At least one UCG company in the state now prefers the term in-situ gasification for its process.
However, Carbon's CSIRO-developed Keyseam UCG technology has been given the tick of approval from Queensland's chief scientist, the Bloodwood Creek pilot has been successfully remediated, a new pathway to commercial development has opened up in China, and the noose of a number of convertible notes has been removed.
"There have had some pretty hard years before my time, and I have only been here about two months, but we have been focused on getting the China JV back on track and getting that relationship on a solid footing, and we have been successful at that," new managing director Kerry Parker told Energy News.
"The JV has been capitalised with the first $10 million, so we are off and running on that front, and we have been able to refinance those, which have been hanging over us for the past 6-12 months."

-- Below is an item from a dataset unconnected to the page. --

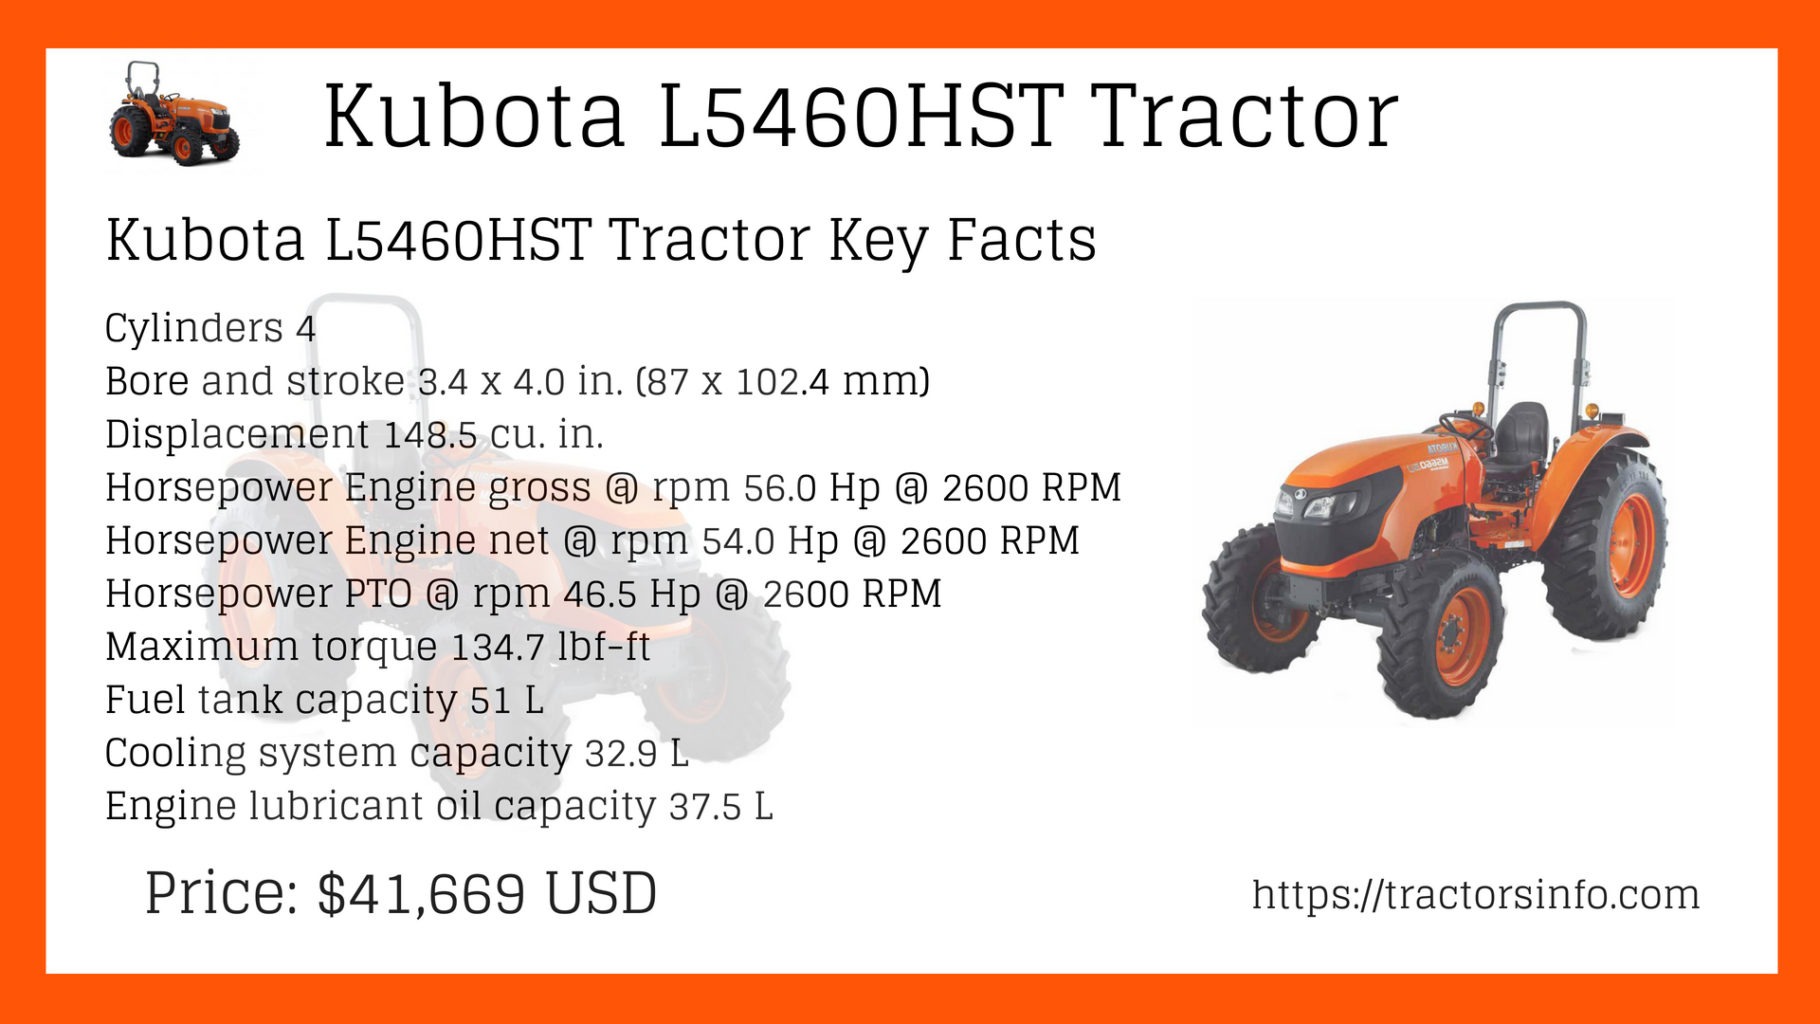 Kubota L5460HST Tractor

The Pacific Road Capital notes, which expire in January 2017, have been purchased by Cornerstone investor Kam Lung Investment Development Company, which is also underwriting $3.5 million of a $5 million rights issue.
One of Parker's immediate tasks is to find additional underwriting support to secure the full $5 million, and while the likes of Cougar Energy and Linc Energy have done the Australian UCG sector no favours, he says there is still interest internationally.

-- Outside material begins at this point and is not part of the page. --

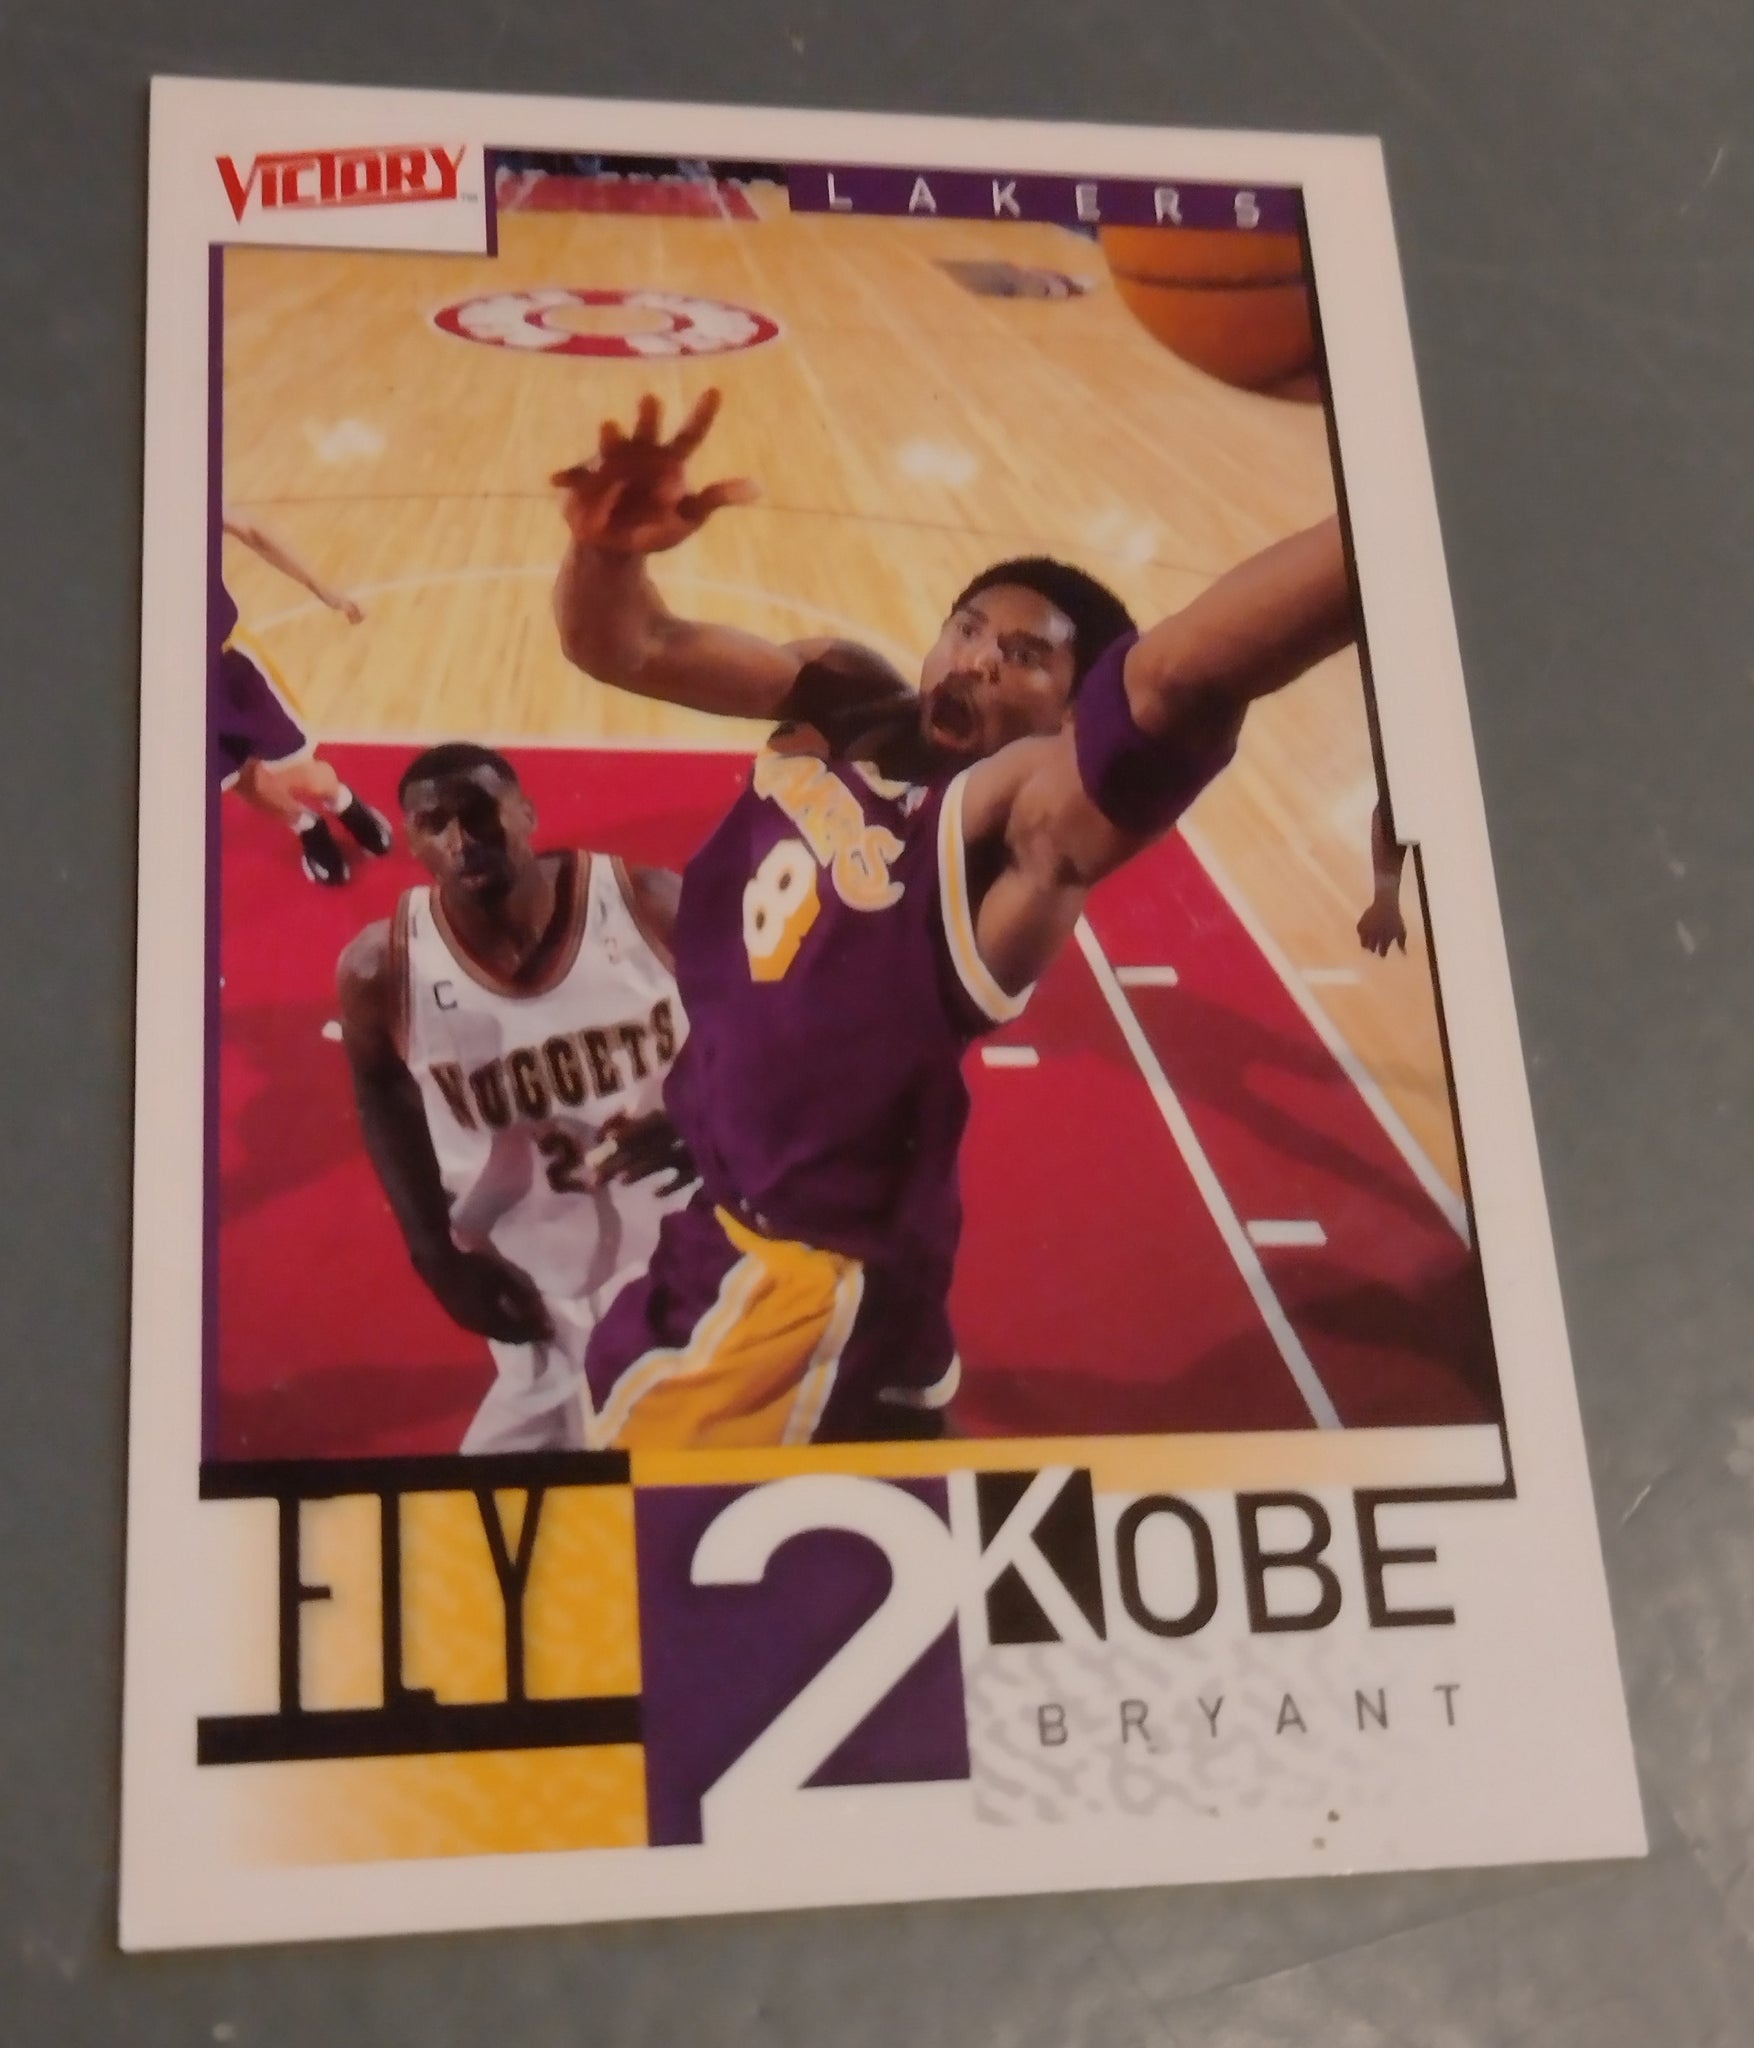 2000-01 Upper Deck Victory Kobe Bryant #296 Trading Card

"There is no nice way of saying this: it has been difficult from the prospective of some of the others in our peer group, but from where we sit the sign-off of the Queensland government chief scientist has been a vindication, and it has meant we can differentiate ourselves as being a reputable and reliable operator, and that has helped," he said.
Having successfully proved its technology near Dalby, with none of the issues that were faced by its compatriots, Parker said Carbon was keen to take on the world.

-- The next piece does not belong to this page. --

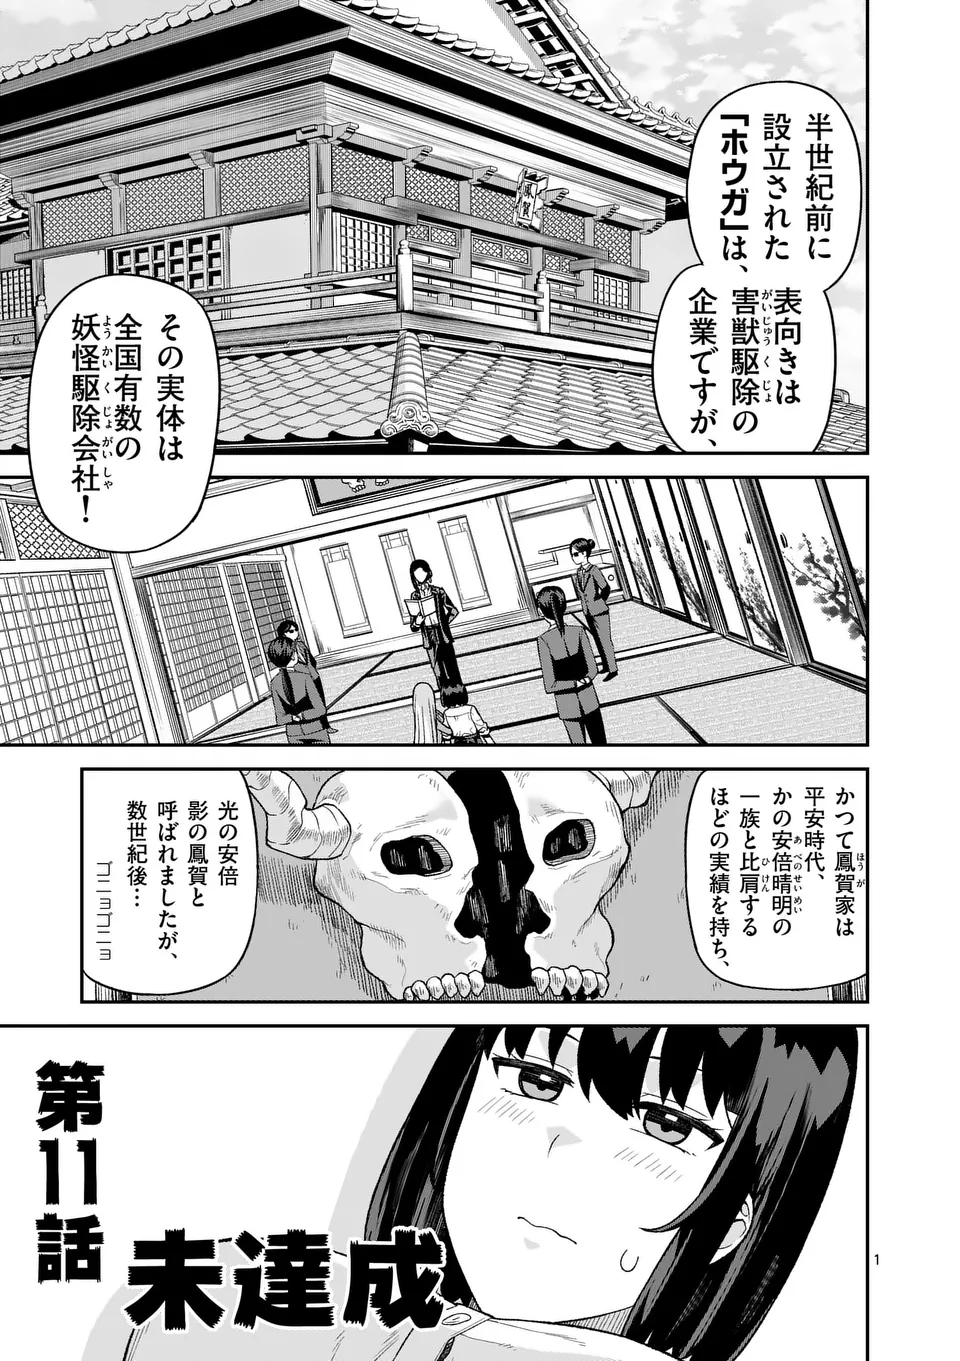 Bakemono Goroshi no Psycholily - Chapter 11 - Page 1

Its first project is likely to be in China, and it is rapidly narrowing down site selection under the JinHong Joint Venture, and he hoped that the company will be in a position to announce its first location soon.
UCG could be a game changer for China, as it could have been for Queensland and Australia's east coast gas market.
There are plenty of quality unmineable coal deposits that are well understood in China, and Parker said the UCG technology had development and operating costs that should come in well below both LNG and be very competitive with conventional domestic gas.
China's government is keen to see domgas developments to ensure energy security and cleaner skies and UCG is one of the areas identified in the latest five-year plan.
Parker said within six months Carbon wanted to get a commercial project identified and under development, with first gas within a year after that.
"We've proven the technology, the intellectual property and we are down to a very short list of projects, and I think that is very realistic," He said.
Parker also wants to add a number of other JVs, likely in China, India and Indonesia.
"The heads of agreement with Ascot Energy is advancing incredibly well, although time is always a factor in Indonesia, and India has a lot of coal and there is now a fairly solid regulatory regime in regard to UCG," Parker said.
The company is also looking at Europe, while Mongolia and the US have been sidelined, although the US remains an option, but Asia and Eastern Europe, where there are energy supply and security concerns are the favoured areas.
Carbon shares are suspended from trading pending an announcement regarding its note refinancing, but last traded at $0.013.